**WORK REQUEST**
Copy each line below as written, but skip the pictures.

**INFORMATION PROVIDED**
------------------------------------

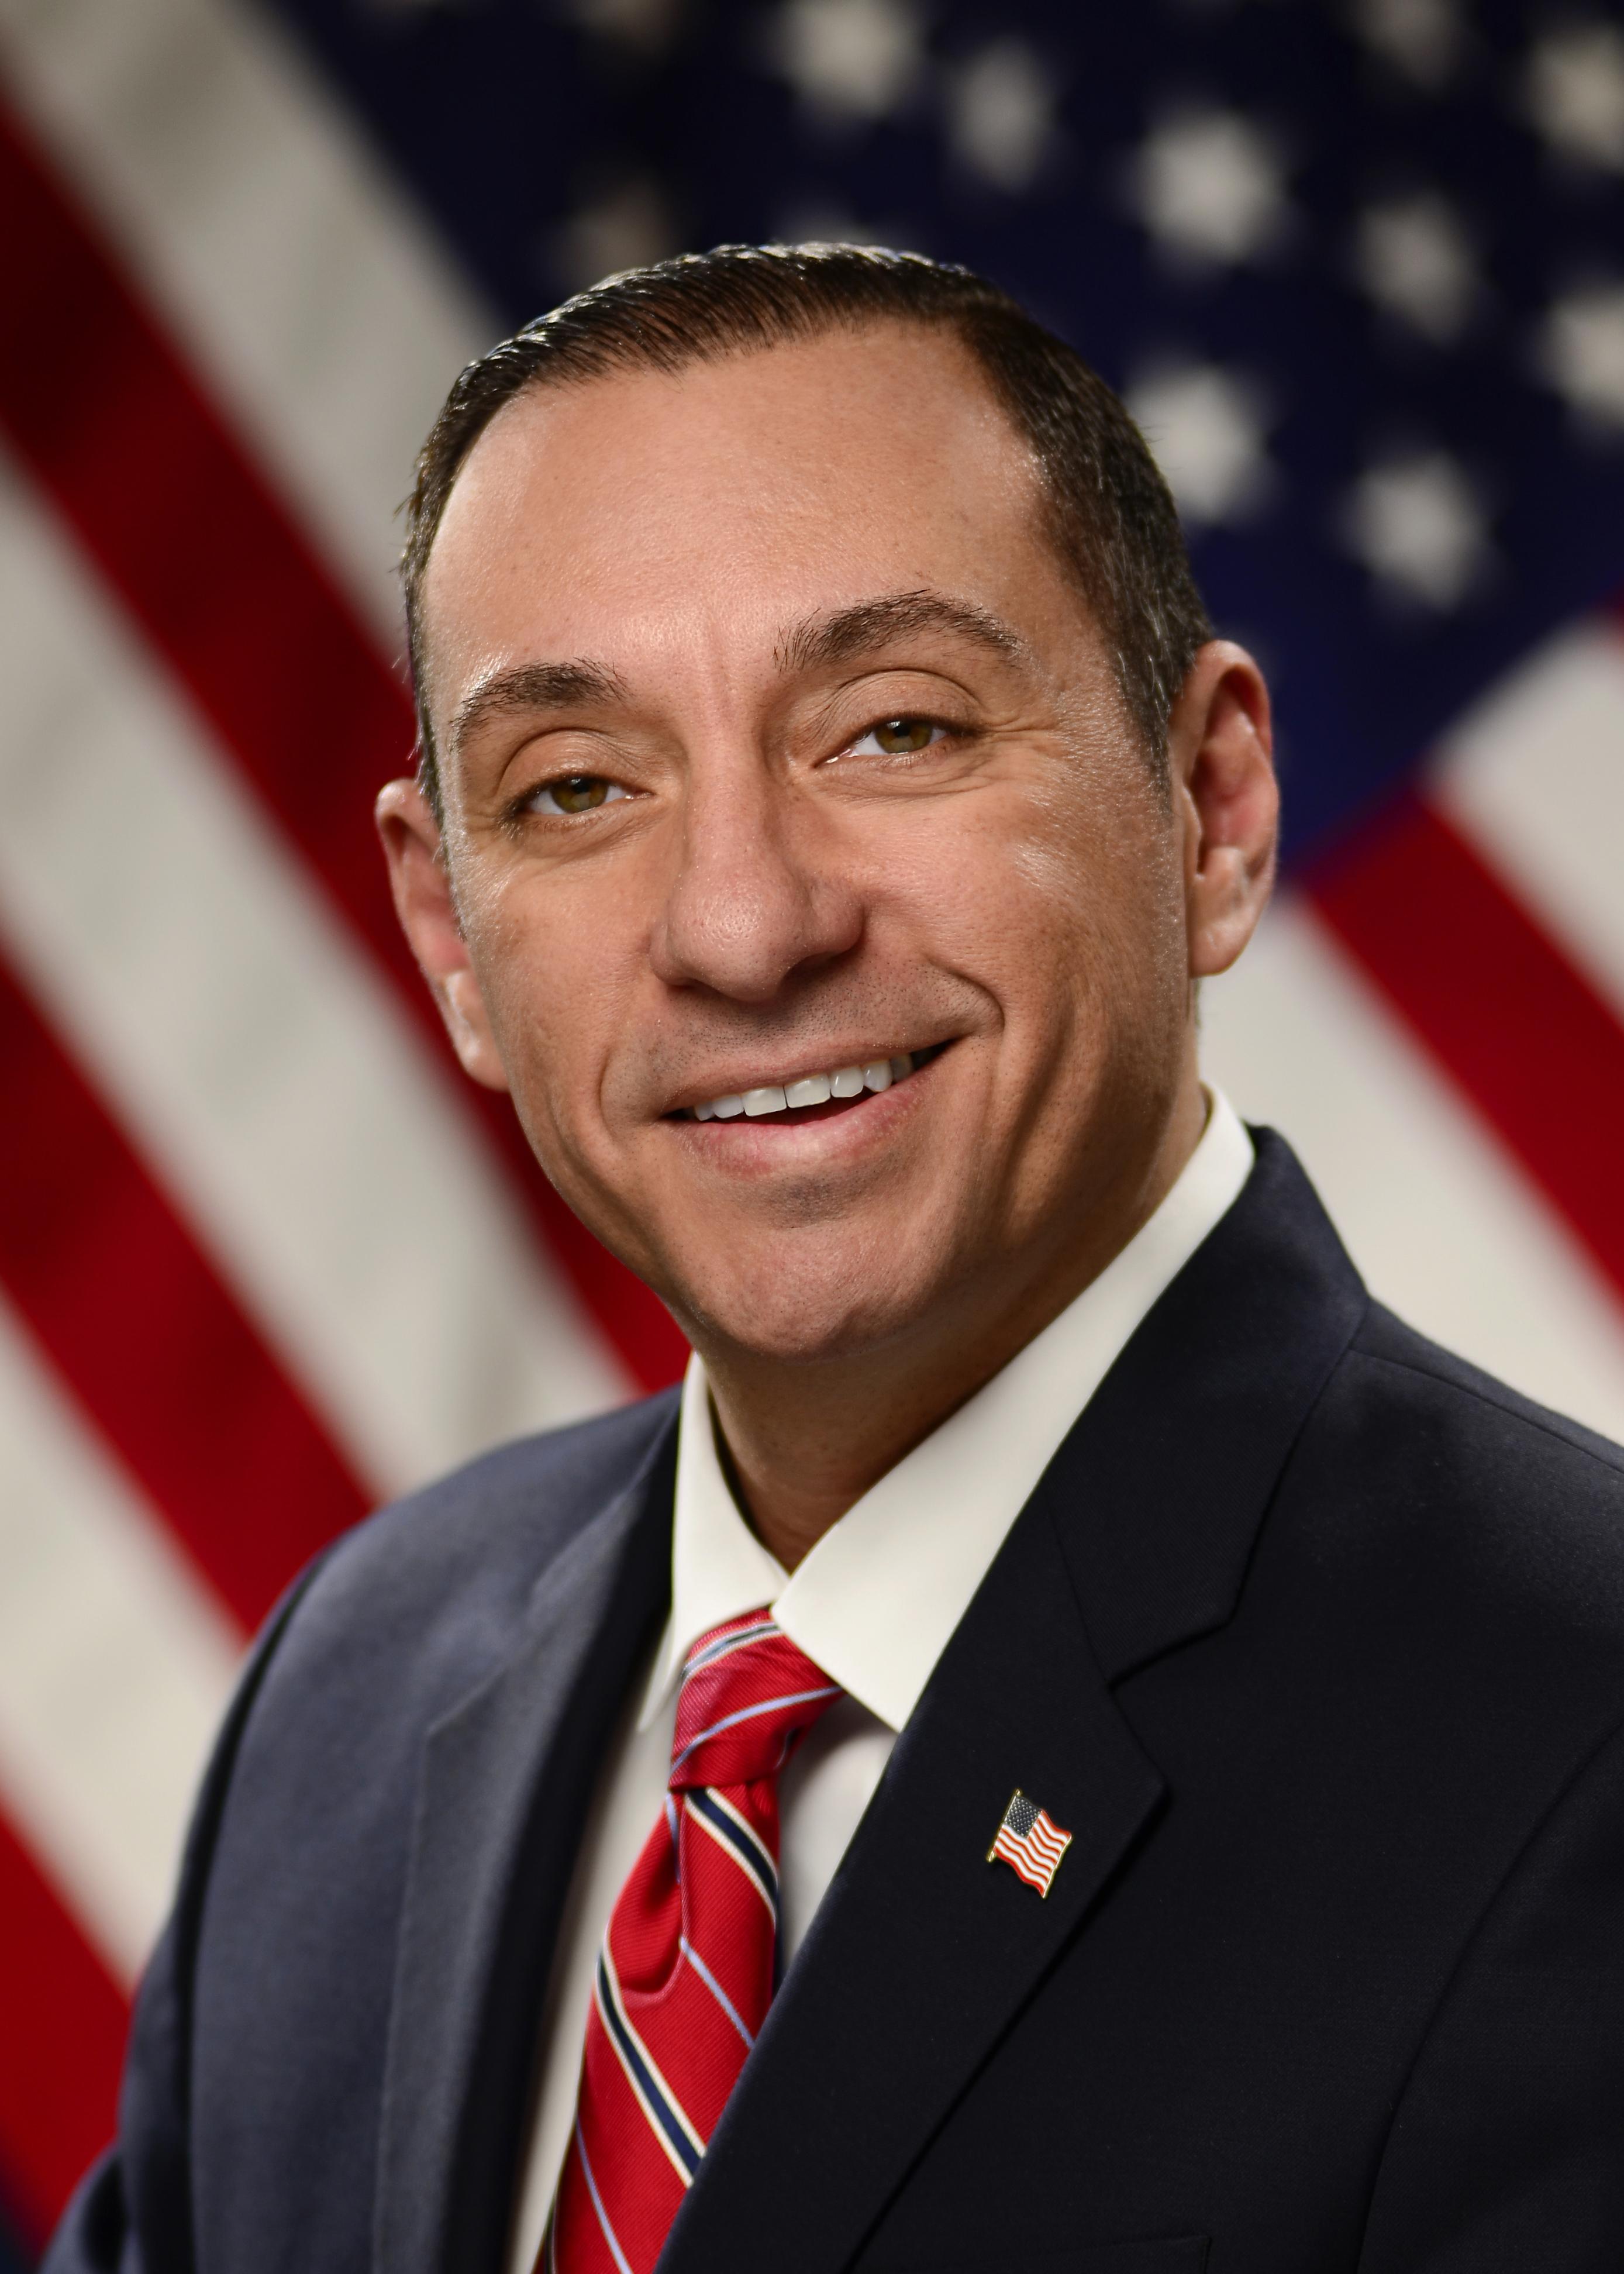 Joseph Lopez is challenging Venizia for mayor in Bloomfield.
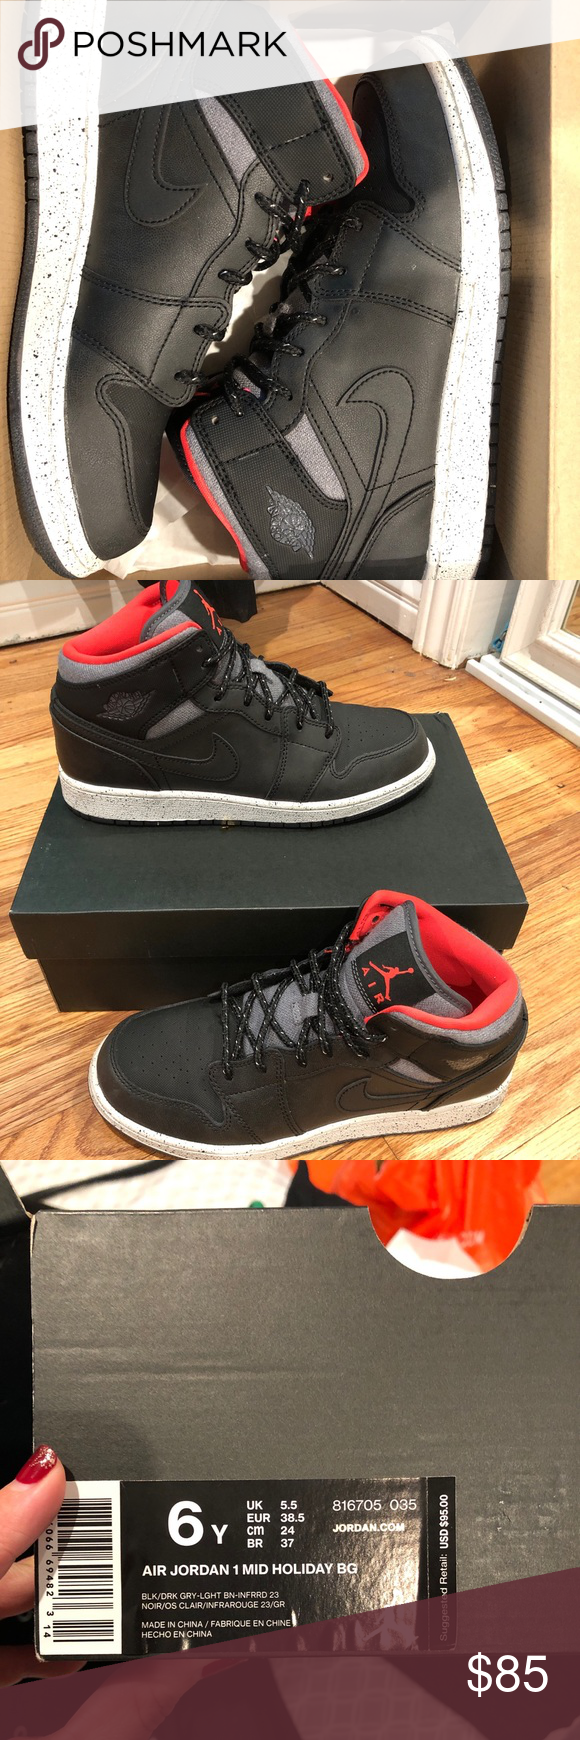 hot sales d8b63 a1c52 Air Jordan 1 Mid Holiday BG   Women   Youth Shoes Brand New Air Jordans 1
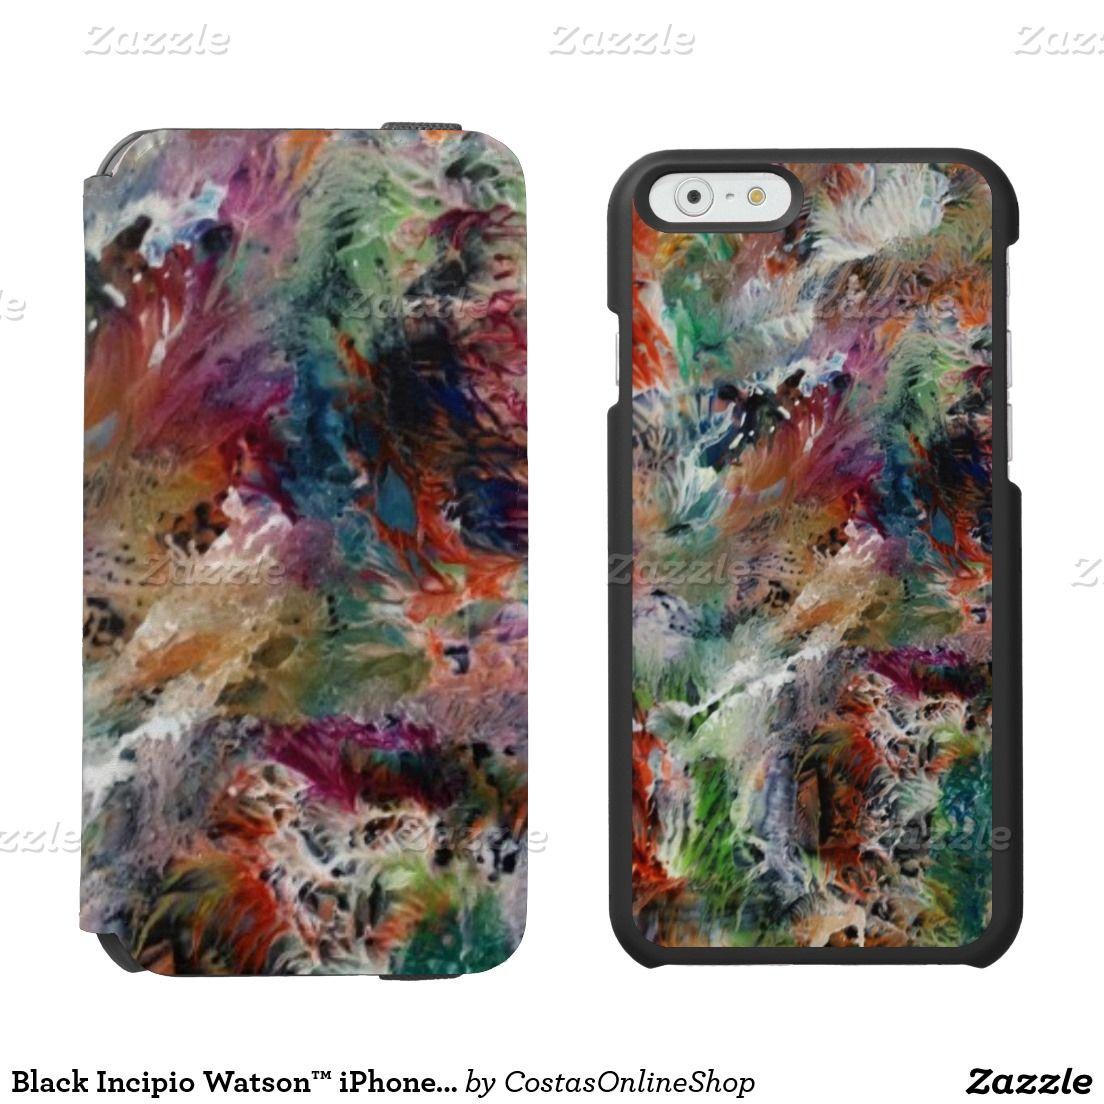 Black Incipio Watson™ iPhone 6 Wallet Case, Blank Incipio Watson™ iPhone 6 Wallet Case, http://www.zazzle.com/costasonlineshop*
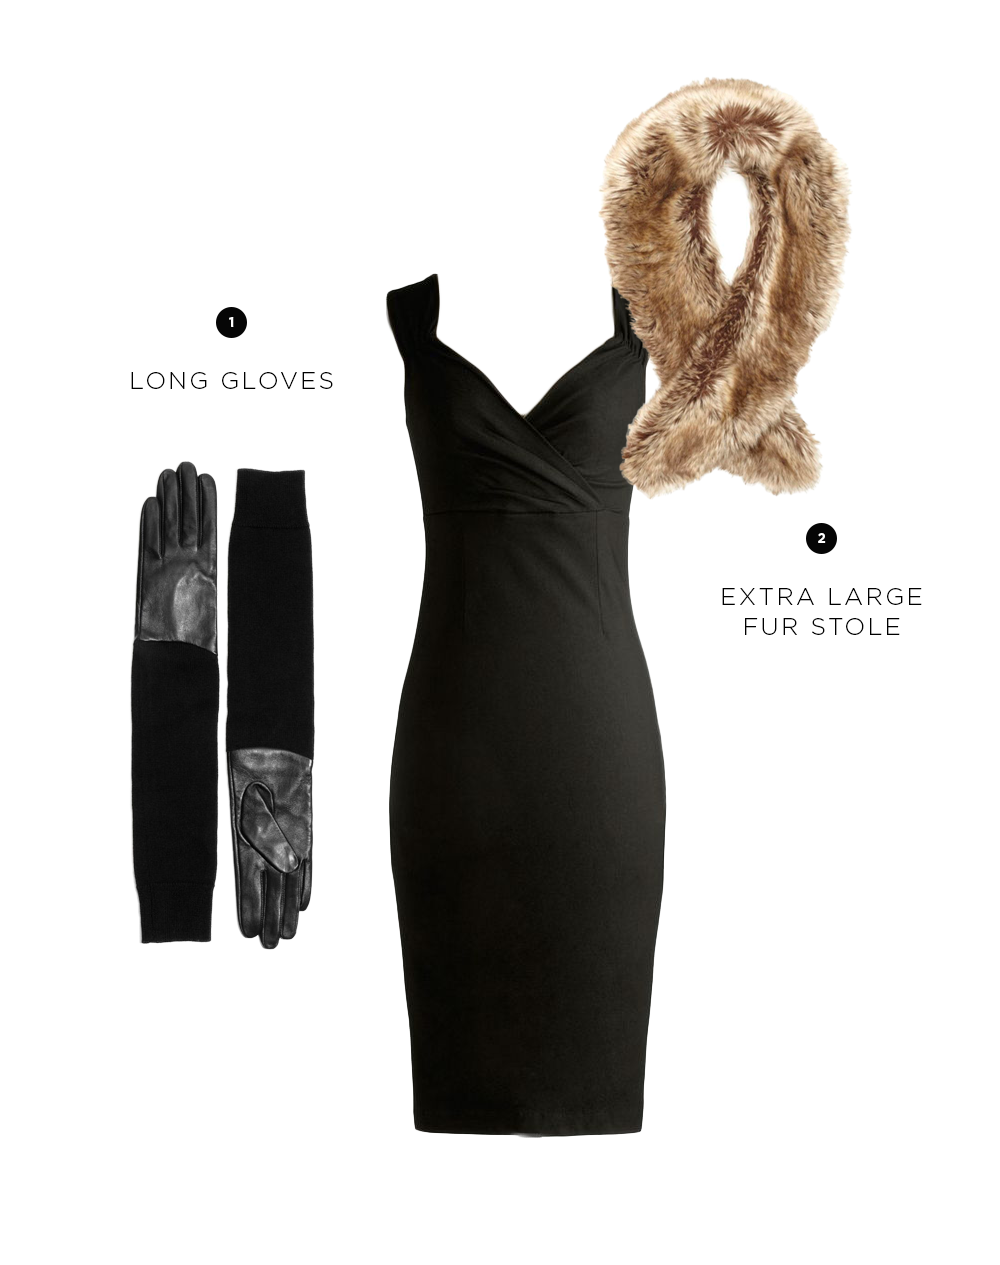 Dress: ModCloth, $90/ 1. & Other Stories, $75/ 2. Wallis, $35

------------------------------------

**SOLVED PROBLEM**
 Joseph Lopez is challenging Venizia for mayor in Bloomfield.
 hot sales d8b63 a1c52 Air Jordan 1 Mid Holiday BG   Women   Youth Shoes Brand New Air Jordans 1
 Black Incipio Watson™ iPhone 6 Wallet Case, Blank Incipio Watson™ iPhone 6 Wallet Case, http://www.zazzle.com/costasonlineshop*
 Dress: ModCloth, $90/ 1. & Other Stories, $75/ 2. Wallis, $35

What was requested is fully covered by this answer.